Plus, to be honest, the thought of traipsing through the rain forest looking for indigenous shamans; the depth of relationship needed to gain their trust, so they would allow us to film them; and the time required to do this away from home and my husband, scared me. It was so far away from my current experience and I felt it put things I valued at risk.

I know now, and I even knew then, that what our soul wants for us is not always on the easy path. Could I actually say, “no,” to this?

So, I asked myself, why did Spirit give this to me? And then I just happened upon Elizabeth Gilbert’s Big Magic, in which she reveals that “inspiration will always try its best to work with you–but if you are not ready or available, it may indeed choose to leave you and to search for a different human collaborator.” So, I was off the hook…. I could leave this for someone else to take on as their mission and continue to look for my soul’s true purpose.
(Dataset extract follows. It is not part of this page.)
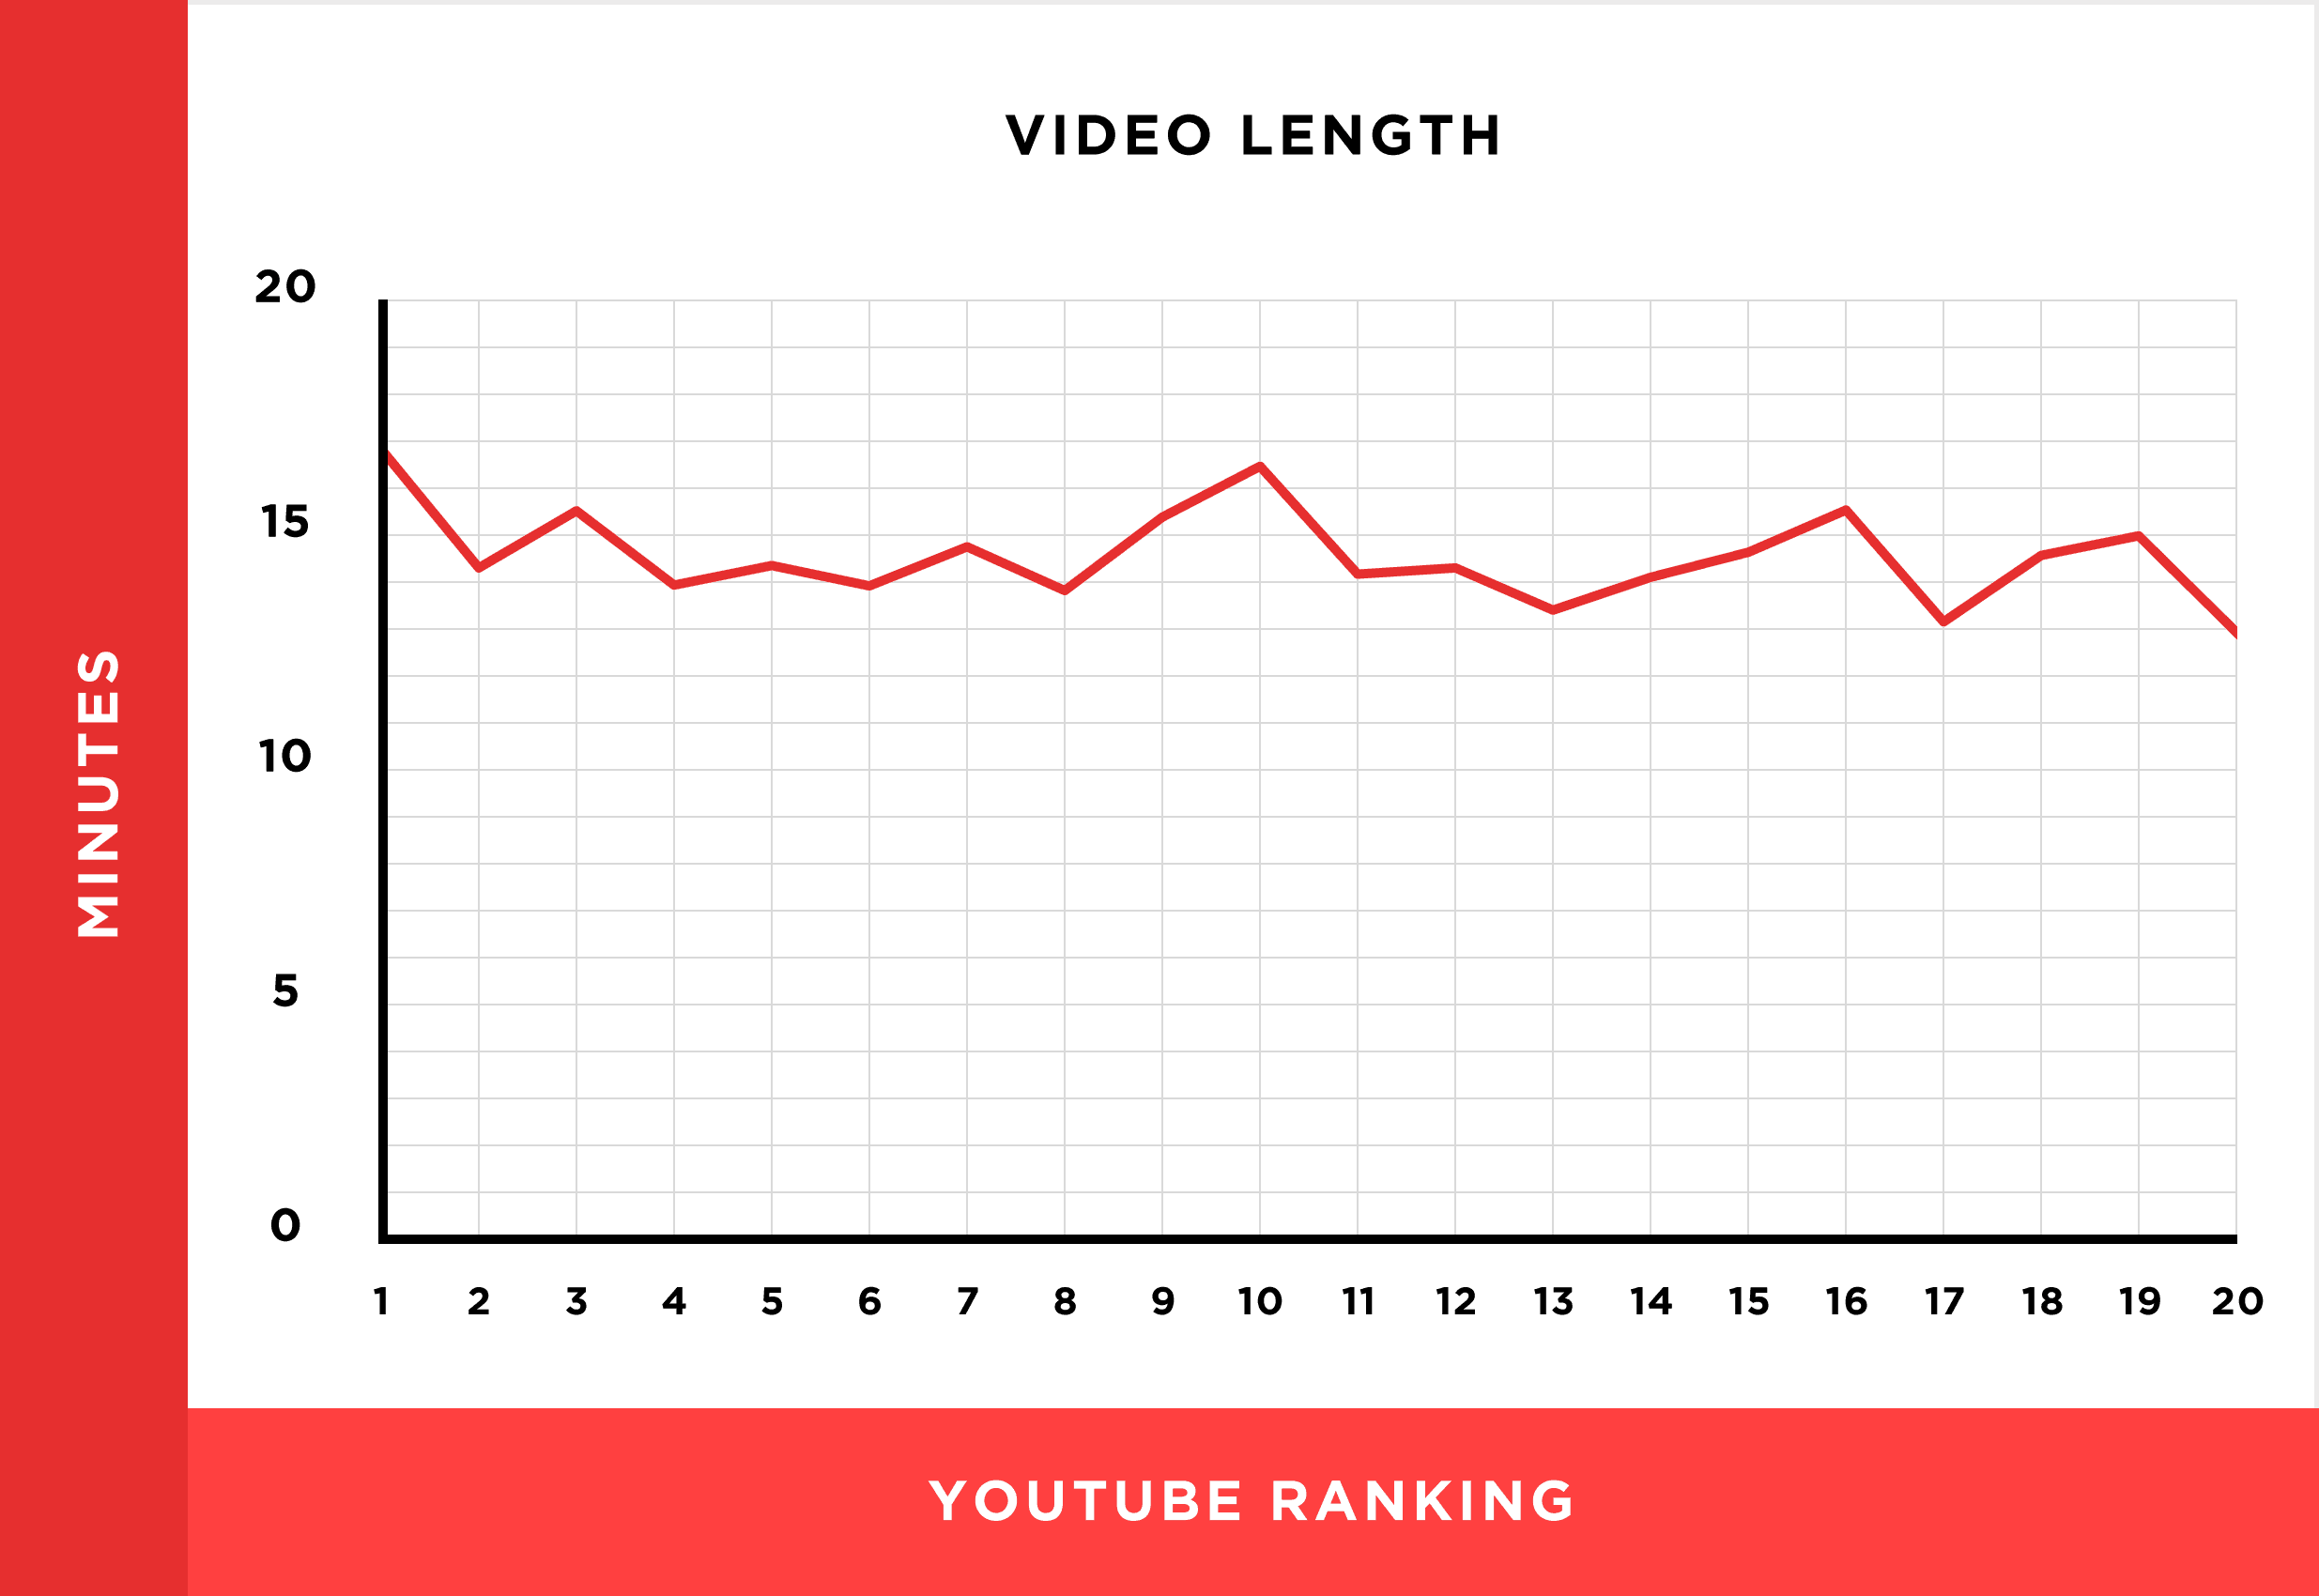 Longer videos tend to rank better in YouTube

Which is exactly what I did.

Just recently, not that I was looking for further confirmation, I read Tim Kelley’s True Purpose: 12 Strategies for Discovering the Difference You Are Meant to Make, in which he shares that “you can accept [your mission] or decline it” and “your soul can give you a new instruction that is at a higher level.” That’s what keeps happening to Tim, and that’s exactly what happened to me. I declined one mission only to have another one be revealed to me, one that fully supported what he calls my “blessing,” or what I like to refer to as my gifts, the things for which I am a “catalyst, a facilitator of some process.”

The reason that I like to talk about being on your “soul’s path” is that, while our purpose and gifts are foundational, our mission or “highest level instruction” continues to evolve and grow, building on that foundation. Our soul’s path is an unfolding, one which is revealed to us as we walk forward with trust.